Vendor risk management (VRM) is a significant challenge in any industry. Any time an organization is entrusting access to its systems or data to a third party or relies on that external partner’s services, then it accepts some level of risk. 

A supply chain attack against the company may exploit that trust relationship to move from a compromised vendor to a company’s systems. Alternatively, a vendor going out of business or failing to provide critical services may render the company unable to meet its own service obligations. Managing these security risks is essential to protecting the organization against potential data breaches or interruptions to its operations.

However, while vendor risk management can be risky and challenging for any organization, many of these risks are amplified in the Web3 space. The current state of Web3 and blockchain development — including the relative youth of many Web3 companies, potentially immature security programs, and the complex regulatory environment — introduces several unique risks. 

Of these, the following seven vendor management risks should be top-of-mind for any company operating or looking for partners in the Web3 space.

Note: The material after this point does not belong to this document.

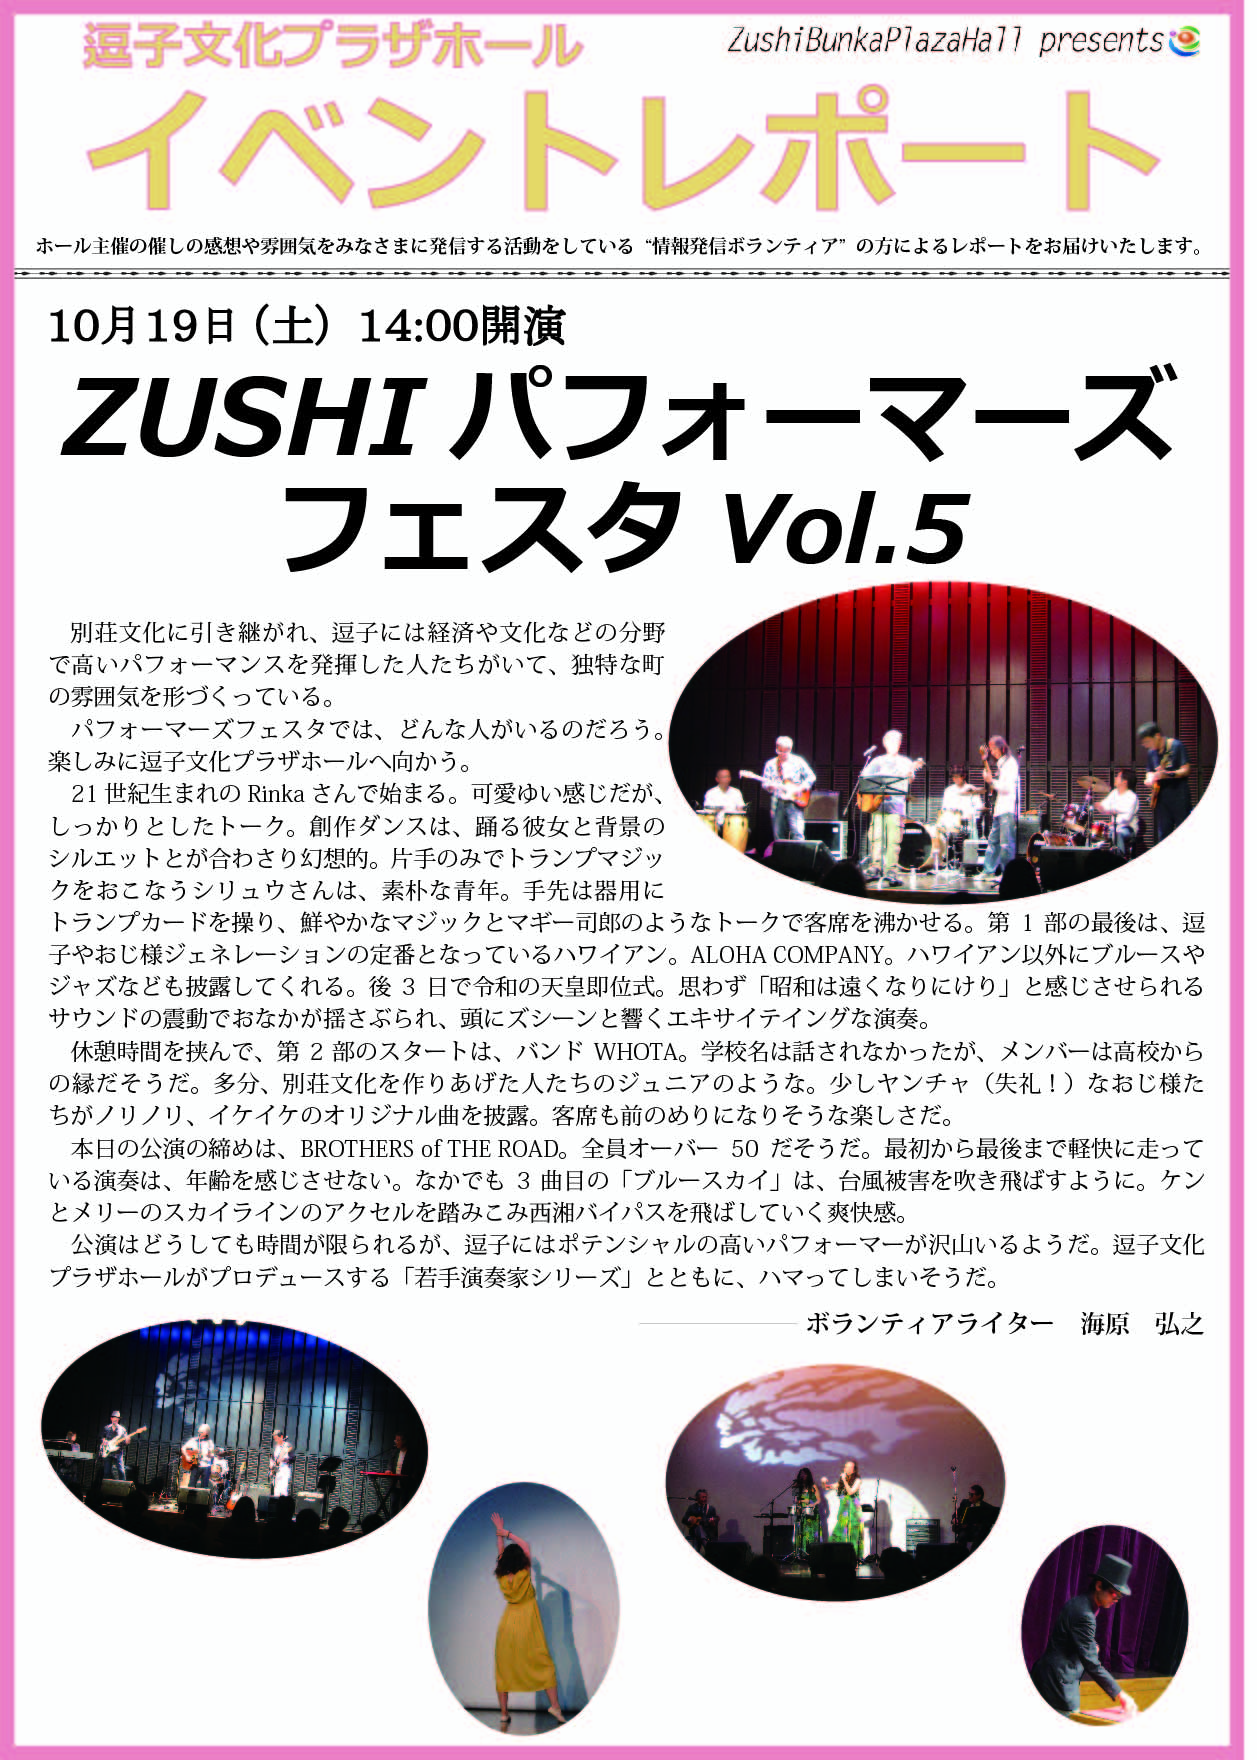 イベントレポート「ZUSHI パフォーマーズフェスタVol.5」2019年10月19日（土）開催

1. Security Program Maturity

The Web3 space is rapidly evolving, and many startups have been created to offer new products or services. For example, the introduction of Account Abstraction (AA) in Ethereum has launched many startups offering AA as a service.

Companies that are only a year old and have few employees may present security risks for their customers. Often, startups lack the defined processes and security controls required to meet the requirements of enterprise customers. As a result, companies may struggle to find vendors that provide the required capabilities while implementing effective security.

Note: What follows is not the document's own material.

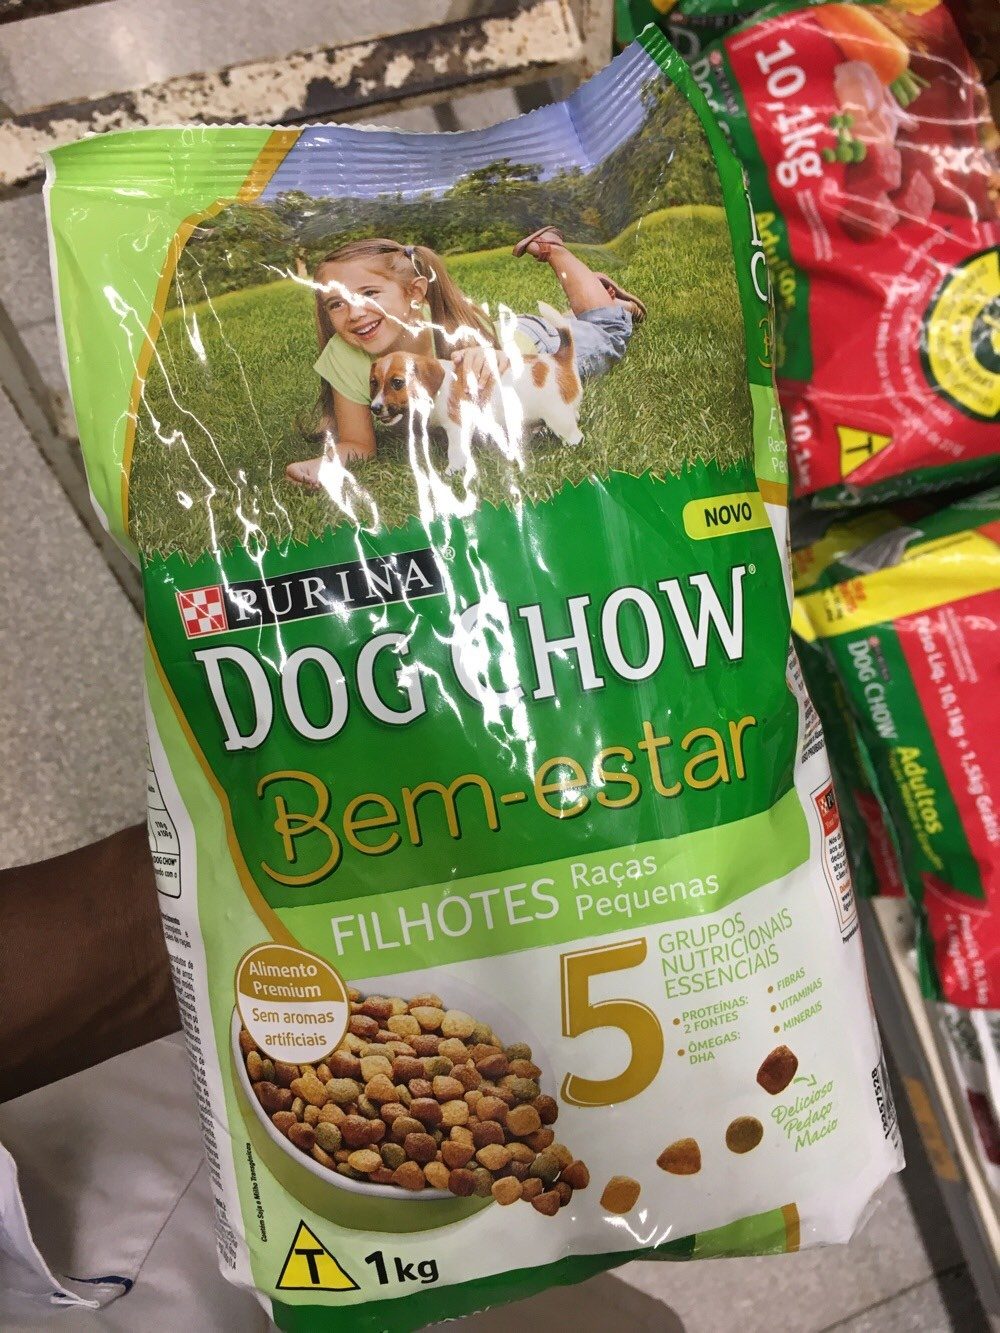 Alimento cão Doguitos chow bem estar 1kg filhotes raças pequenas - Product - pt

2. Vendor Concentration Risks

On the other hand, there are some products and services that one or a few vendors are well-qualified to provide. For example, Coinbase is a common choice for custodial services for crypto assets — as discussed in our article on the new Bitcoin ETF.

While choosing a well-qualified vendor is important, it can also create risk if everyone else does the same. A single point of failure might be a greater target for cybercriminals, and, if that organization suffers a breach or goes out of business, it has wide-reaching effects on the industry as a whole.

3. Remote Work Challenges

Web3 is probably the most remote-friendly industry in existence. Many Web3 companies are remote-first, potentially with no physical headquarters. Employees collaborate and communicate online and may occasionally meet up in person at company-sponsored events.

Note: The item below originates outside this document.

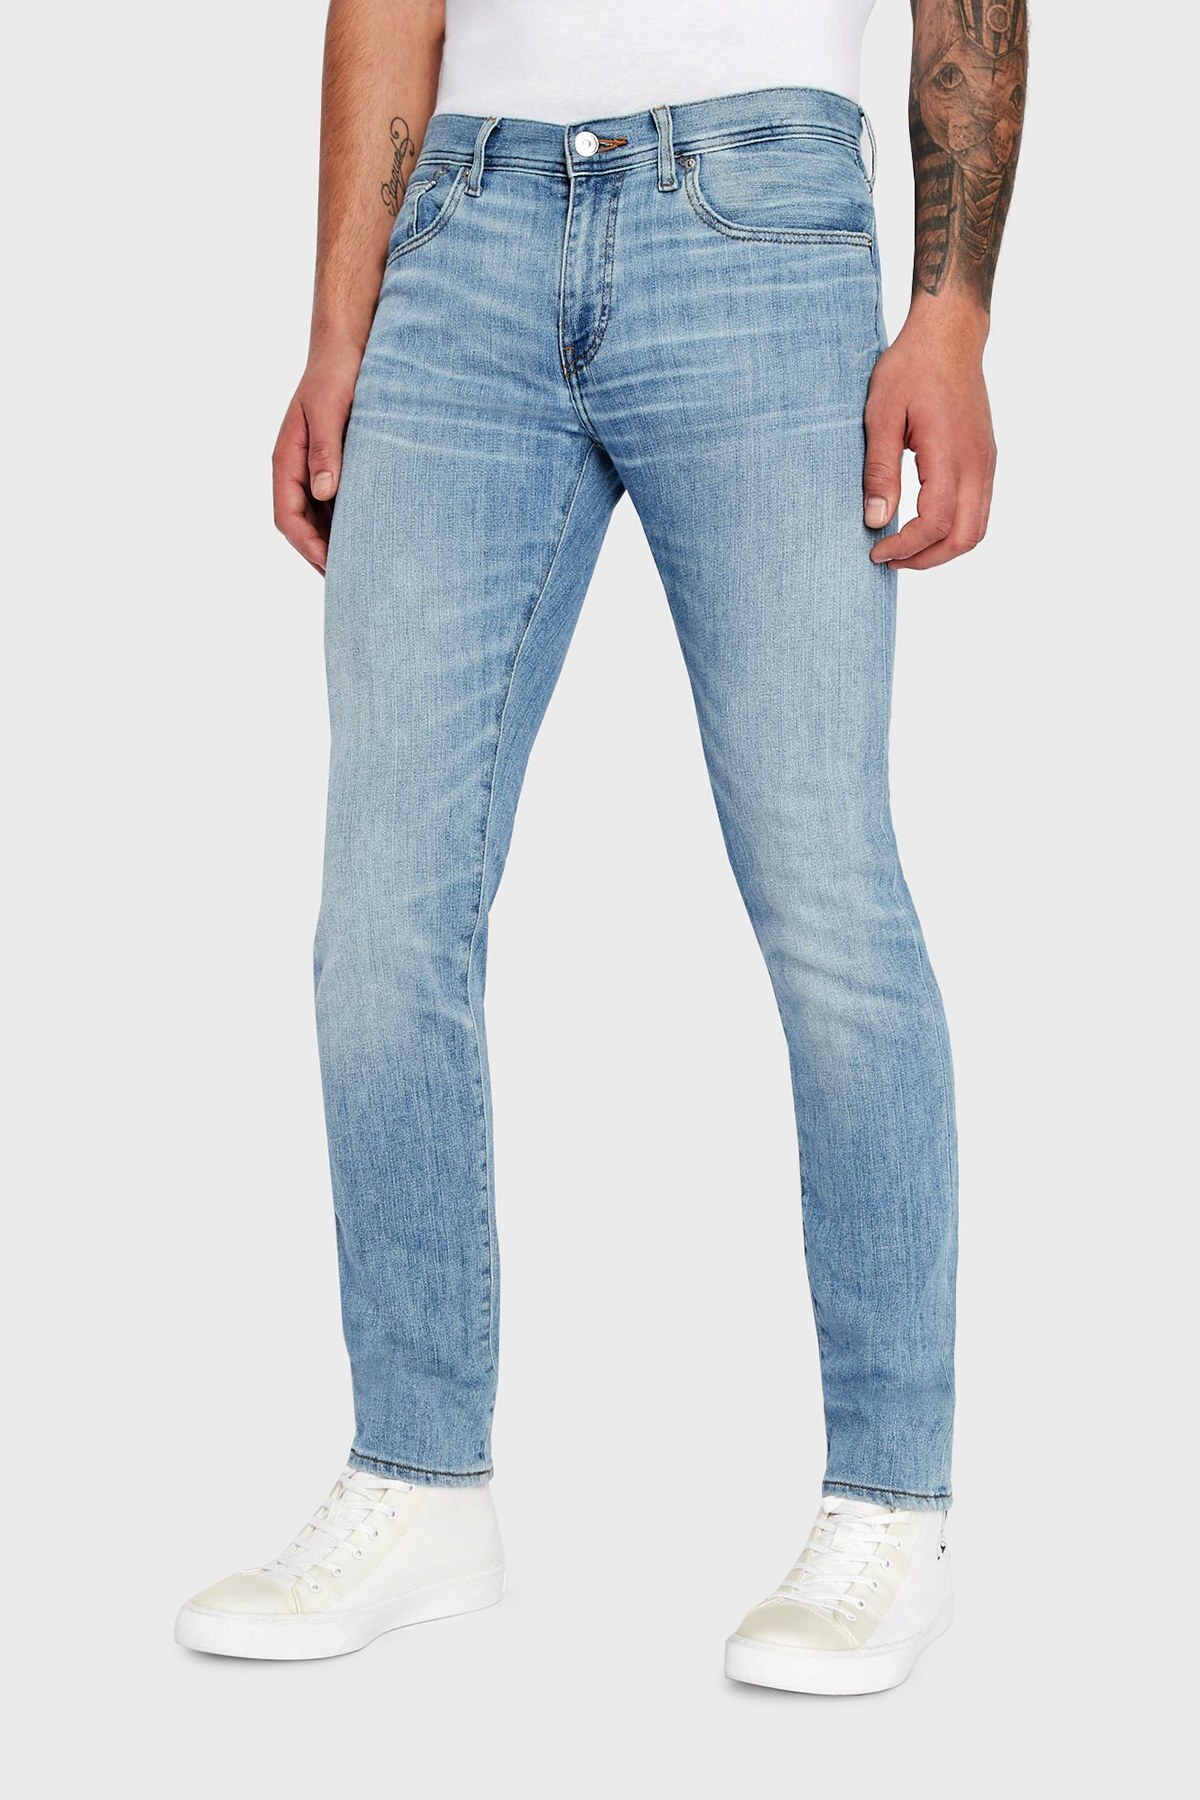 Armani Exchange J13 Pamuklu Normal Bel Slim Fit Jeans Erkek Kot Pantolon 3LZJ13 Z1FCZ 1500 AÇIK MAVİ

While work from anywhere is great for employees, it does create significant challenges for vendor management. Different jurisdictions have different laws regarding background checks, contracts, etc. As a result, a potential customer may struggle to achieve the level of protection that they need for their risk management programs.

Remote work also introduces BYOD security risks. Home networks and personal devices are generally less secure than corporate ones, increasing the risk of phishing and other cyberattacks. These intrusions could provide an attacker with access to a vendor’s client data, compromising these customers as well.

4. Inconsistent Regulatory Environments

Blockchains are global systems, and many Web3 companies and startups are scattered around the world. Even if an organization’s employees work mostly or entirely on-site, companies are headquartered in various places as different countries and cities compete to be the most friendly to crypto businesses.

With such a relatively new and evolving industry, laws and regulations often struggle to keep up with the changes in the technology and its applications, resulting in a patchwork of laws. As a result, blockchain products and services that are legal in one country may be illegal in another.

5. M&A Further Concentrates Risk

The crypto space is full of startups trying to provide a valuable product or service to their users. Often, the goal of these founders is a swift and profitable exit, freeing them up to pursue their next venture.

The volume of mergers and acquisitions within the crypto space can create significant challenges for vendor management. If a vendor is acquired, then it may no longer be able to provide services, or the terms of service may change. Also, acquisitions of startups and small businesses by larger players contribute to the risk concentration problem mentioned previously.

6. Lack of Risk Management Frameworks

The traditional financial sector has Standardized Information Gathering (SIG) questionnaires designed to streamline the vendor management process. These SIGs include a set of questions that potential customers will ask their vendors as part of their cybersecurity and compliance due diligence investigations. The answers to these questions provide a high-level understanding of a company’s operations that can help other organizations decide whether they want to become its customers.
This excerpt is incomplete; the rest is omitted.